[Exercise details]
The data must be given again exactly as written, with all images omitted.

[Information provided]
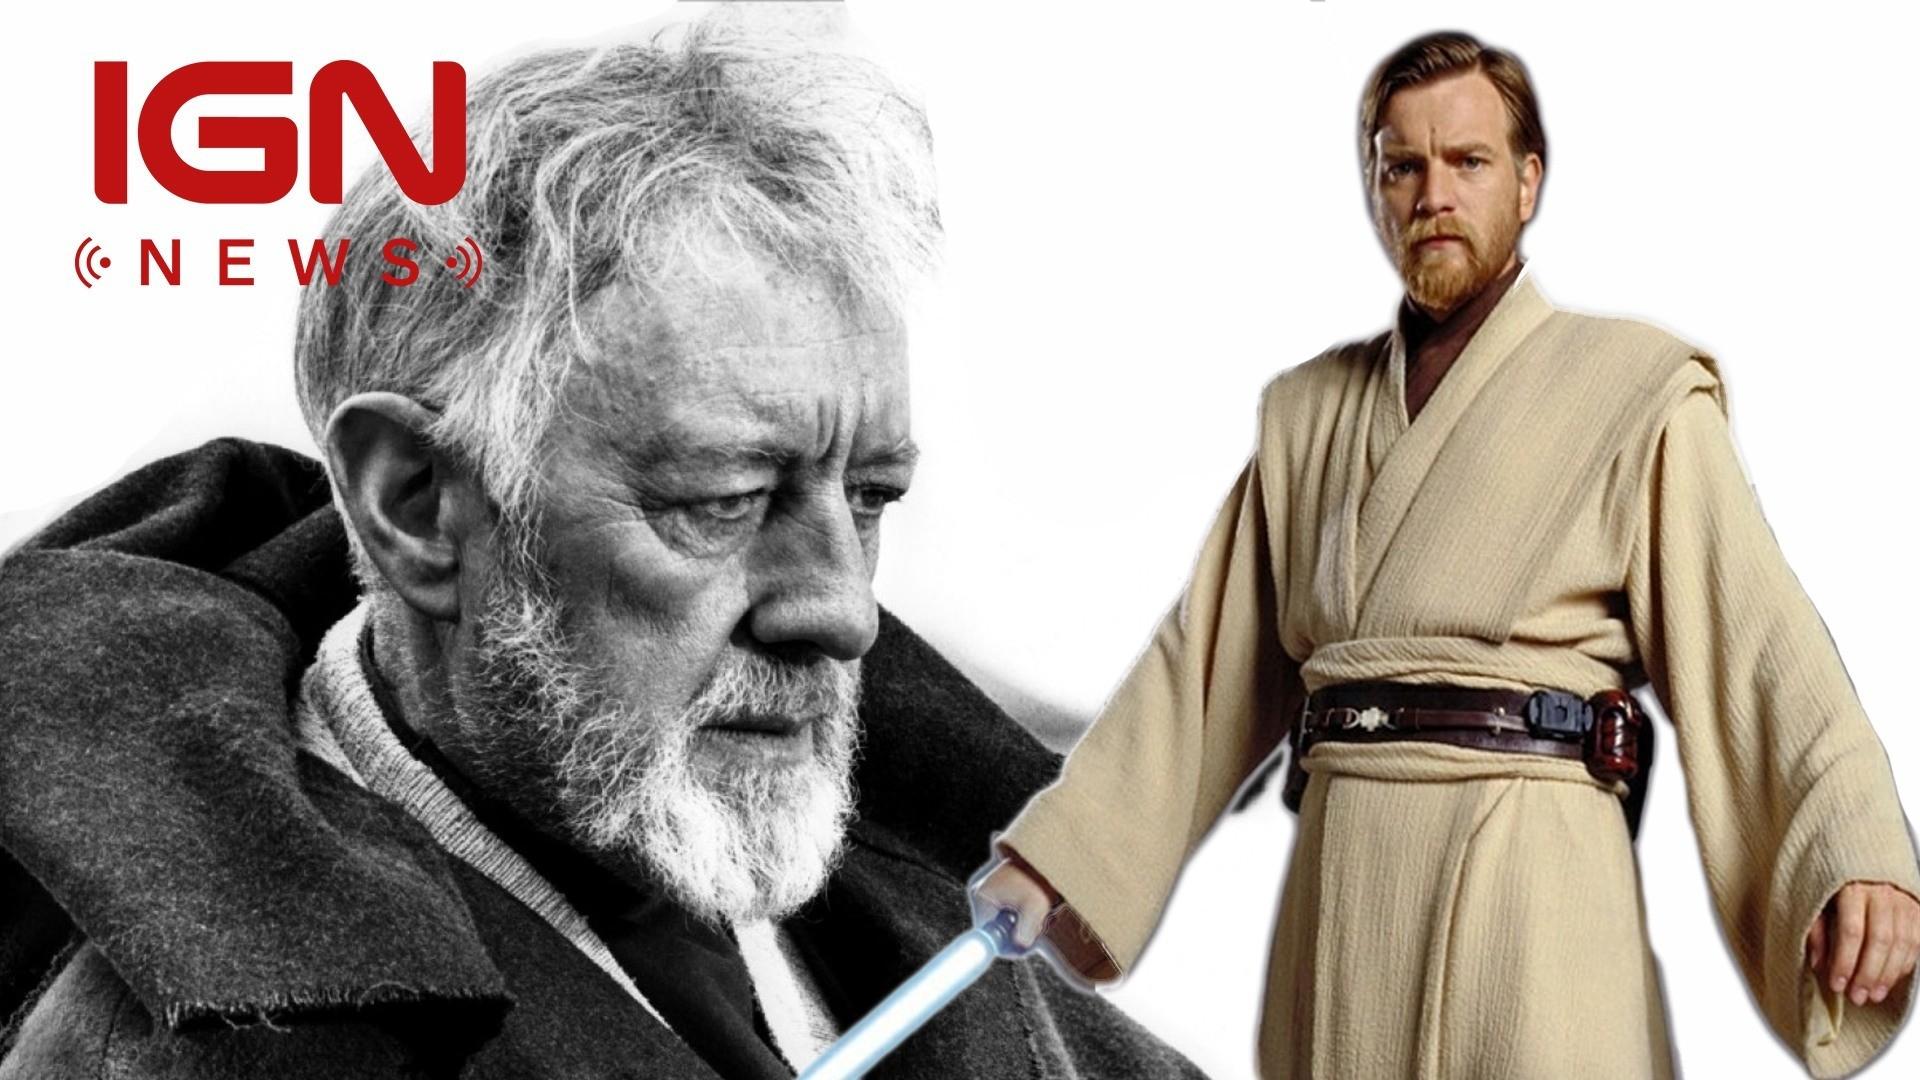 Star Wars: Obi-Wan Kenobi Standalone Film Reportedly in the Works –  star-wars-anthology-obi-wan
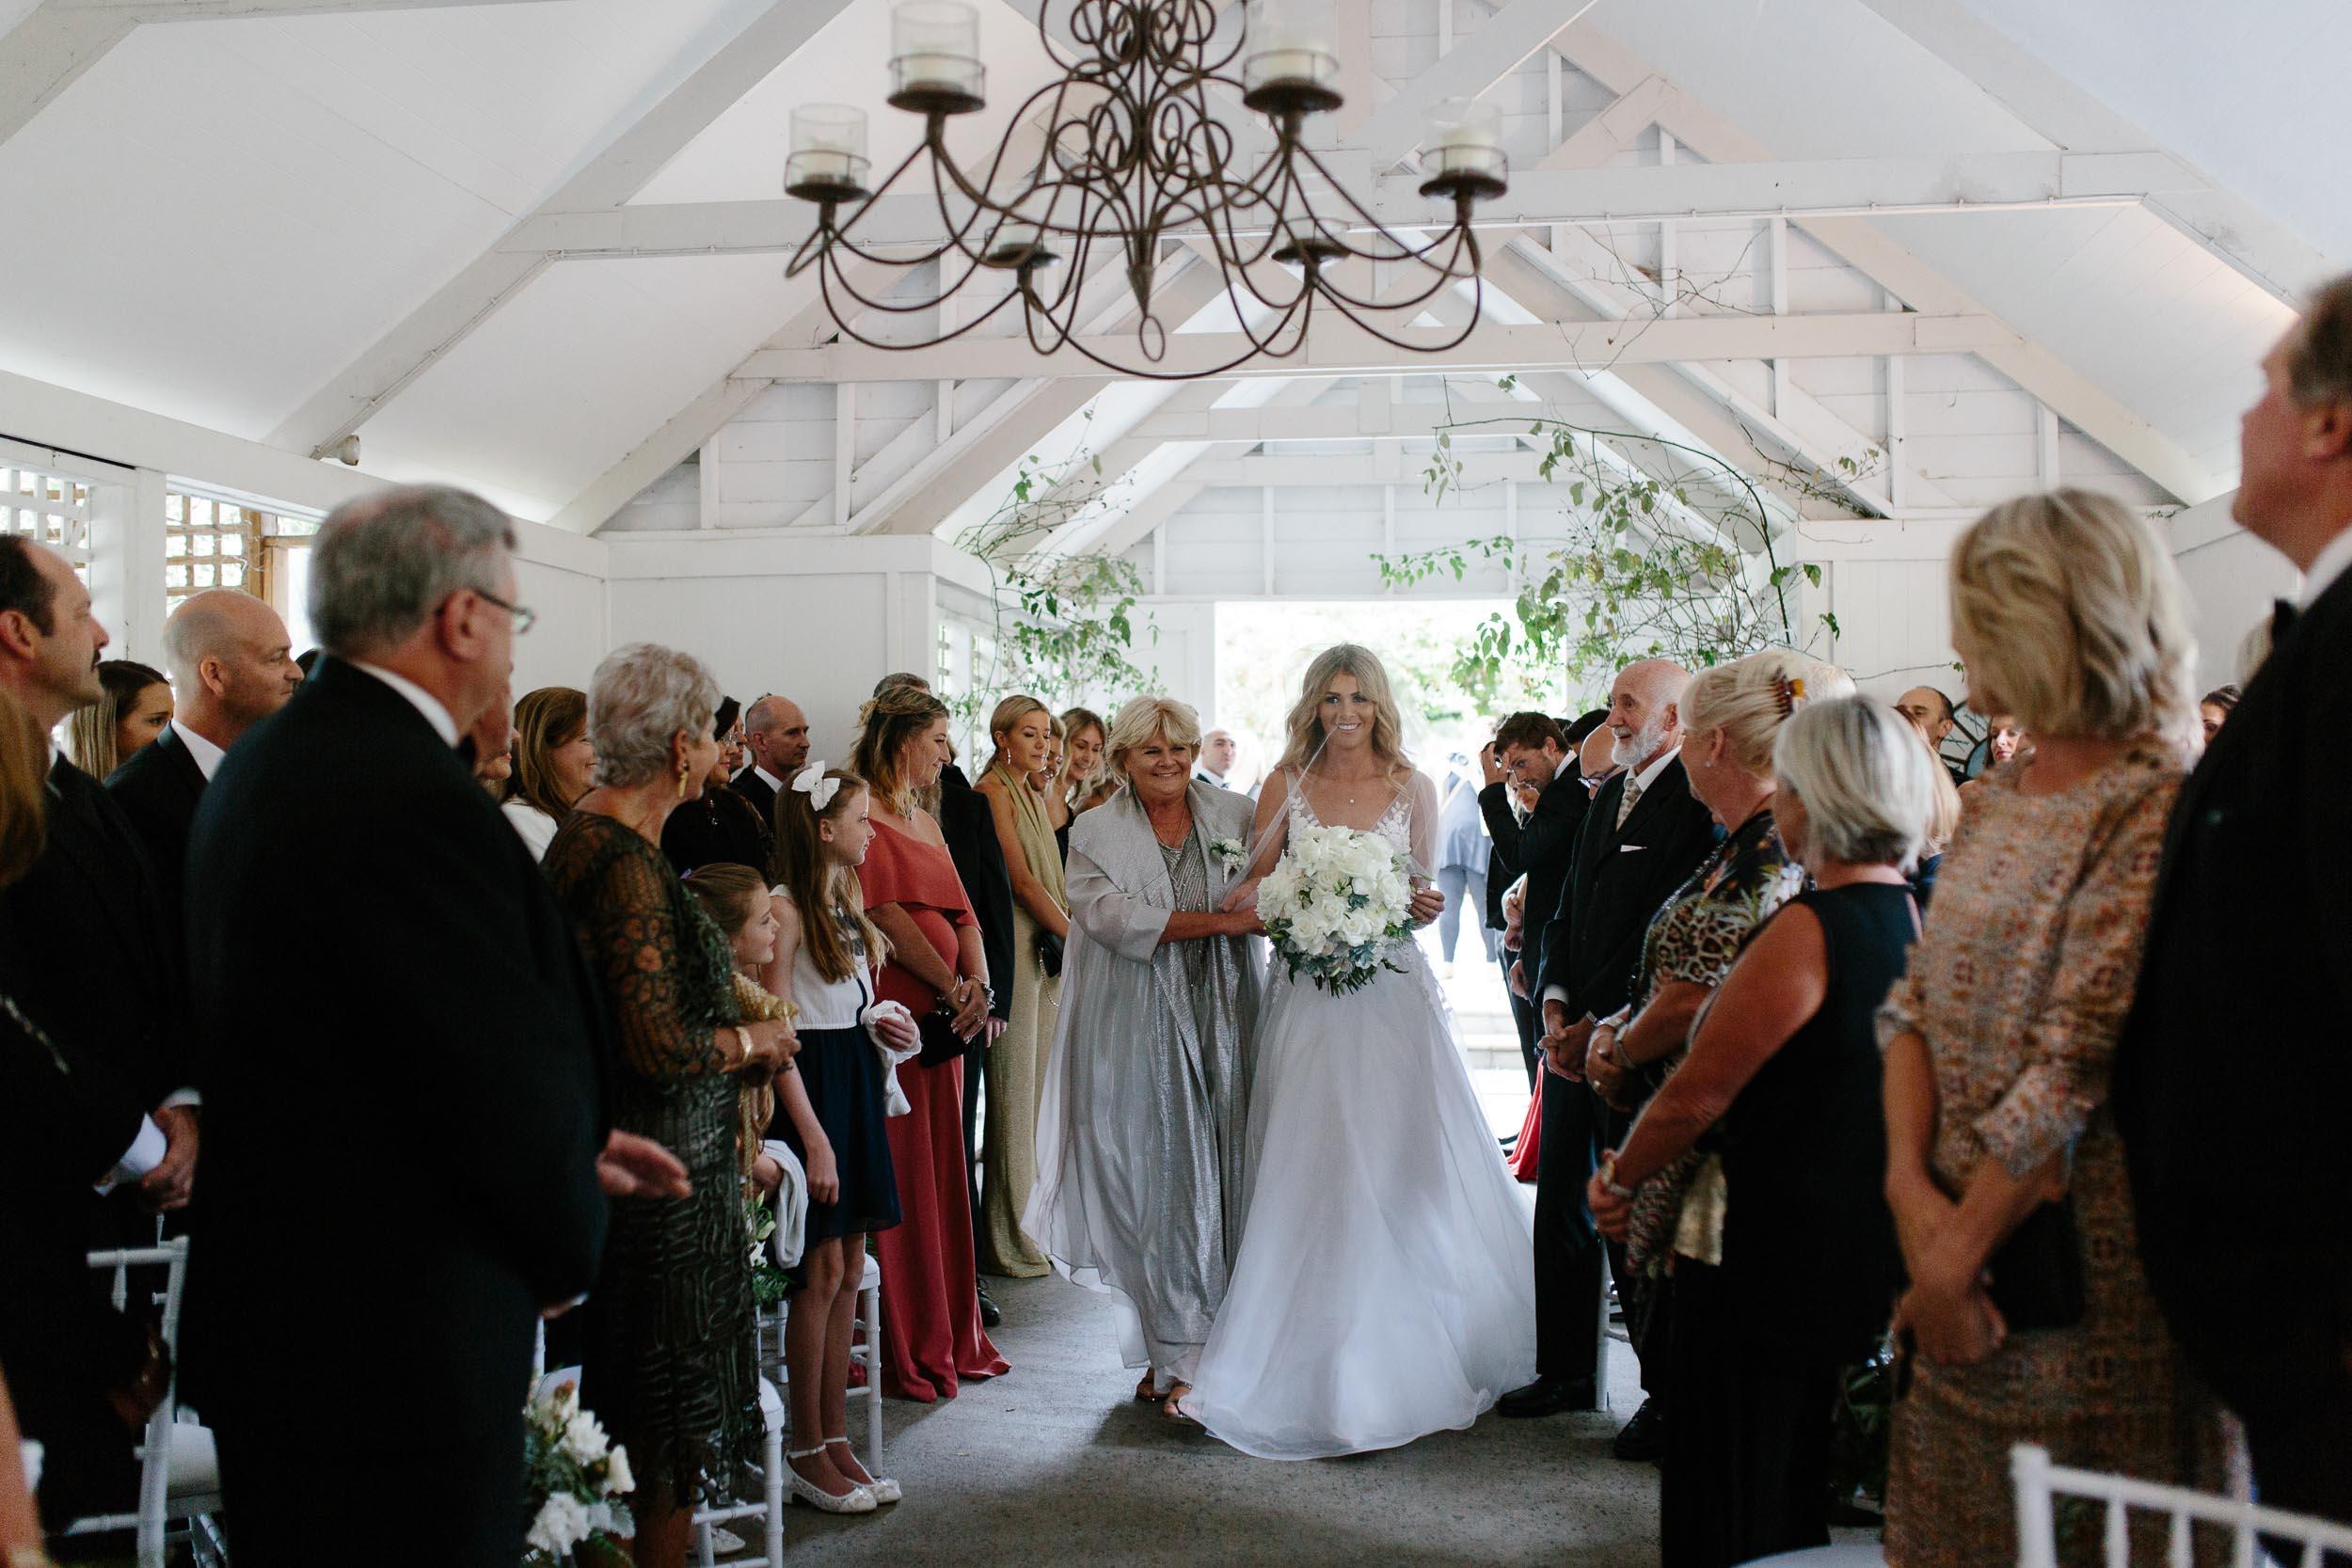 Kas-Richards-Mornington-Peninsula-Private-Property-Wedding-Marianna-Hardwick-Gown-231.jpg
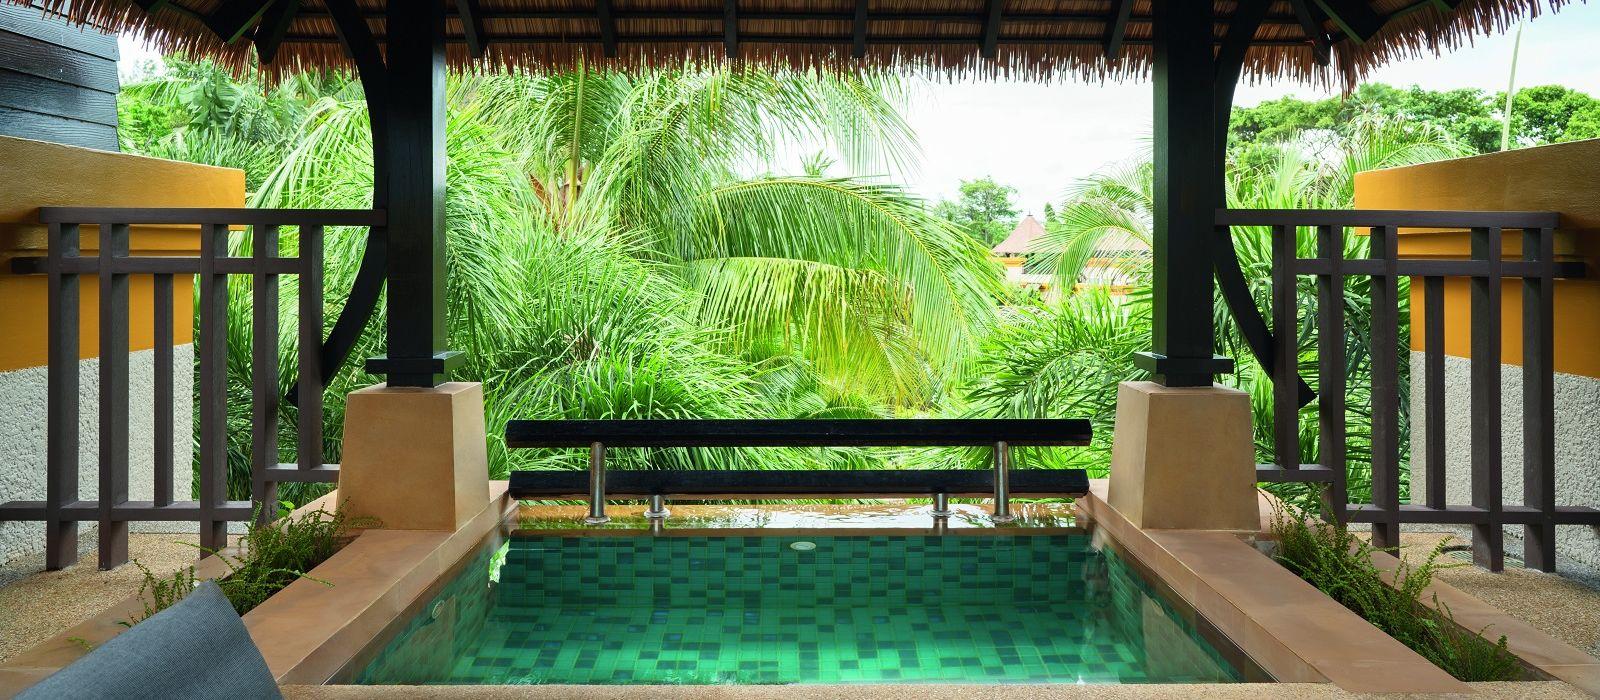 Hotel Movenpick Resort and Spa Karon Beach Thailand
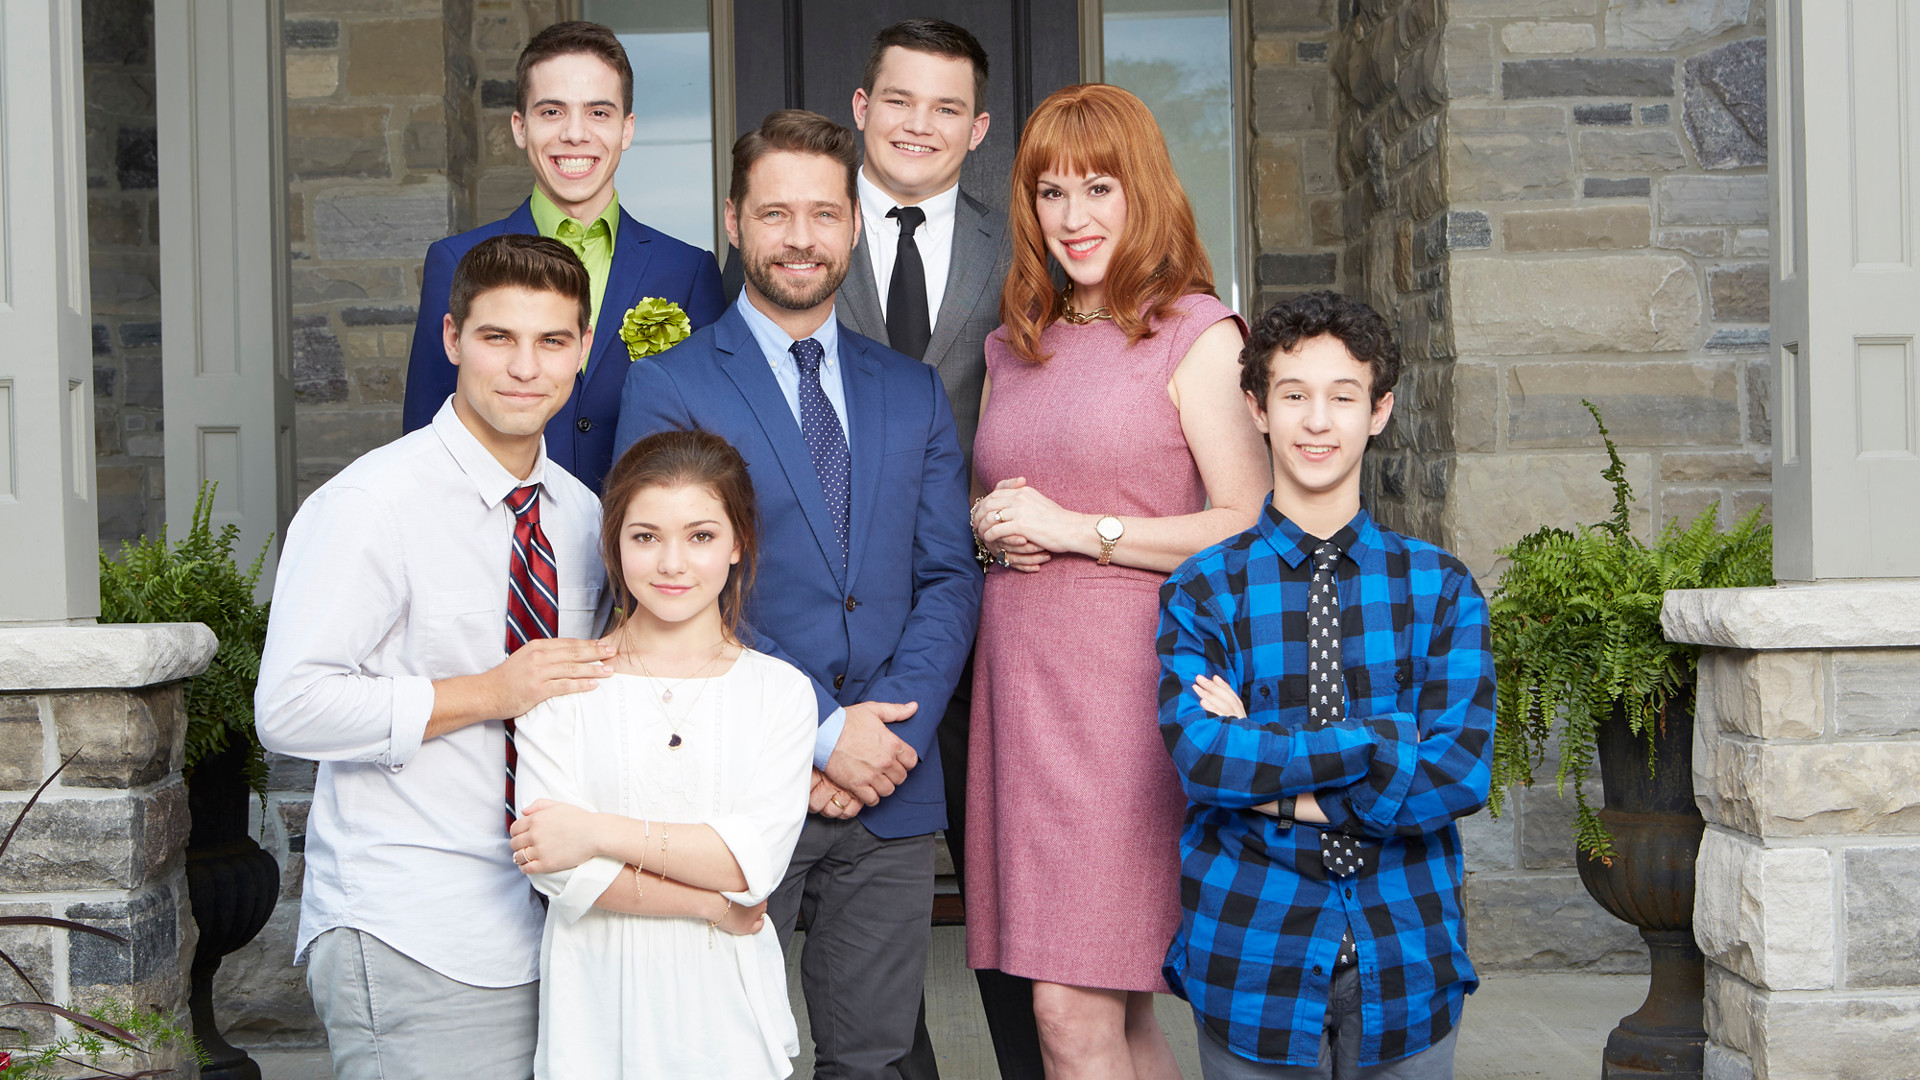 Family business season 1 download

[Task result]
 Star Wars: Obi-Wan Kenobi Standalone Film Reportedly in the Works –  star-wars-anthology-obi-wan
 Kas-Richards-Mornington-Peninsula-Private-Property-Wedding-Marianna-Hardwick-Gown-231.jpg
 Hotel Movenpick Resort and Spa Karon Beach Thailand
 Family business season 1 download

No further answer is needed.